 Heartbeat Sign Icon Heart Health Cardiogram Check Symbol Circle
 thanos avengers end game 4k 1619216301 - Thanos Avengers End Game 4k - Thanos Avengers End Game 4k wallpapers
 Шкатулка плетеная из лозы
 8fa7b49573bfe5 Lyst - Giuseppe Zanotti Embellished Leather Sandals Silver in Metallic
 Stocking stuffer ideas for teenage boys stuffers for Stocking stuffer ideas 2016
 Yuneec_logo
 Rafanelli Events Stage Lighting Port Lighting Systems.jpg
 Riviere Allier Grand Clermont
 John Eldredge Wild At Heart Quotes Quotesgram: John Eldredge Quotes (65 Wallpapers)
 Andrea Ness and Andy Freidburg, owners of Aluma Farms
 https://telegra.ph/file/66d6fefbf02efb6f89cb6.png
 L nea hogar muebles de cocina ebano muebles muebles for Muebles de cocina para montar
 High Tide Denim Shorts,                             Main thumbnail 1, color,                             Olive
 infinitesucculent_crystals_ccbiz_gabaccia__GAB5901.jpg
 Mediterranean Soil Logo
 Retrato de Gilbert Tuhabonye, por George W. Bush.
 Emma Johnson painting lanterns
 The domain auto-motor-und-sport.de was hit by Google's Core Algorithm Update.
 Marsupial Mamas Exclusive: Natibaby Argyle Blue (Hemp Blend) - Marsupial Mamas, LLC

# # #

● Task details: Could you report every line of the material that contains the string "Heart"?

● Reply:
 Heartbeat Sign Icon Heart Health Cardiogram Check Symbol Circle
 John Eldredge Wild At Heart Quotes Quotesgram: John Eldredge Quotes (65 Wallpapers)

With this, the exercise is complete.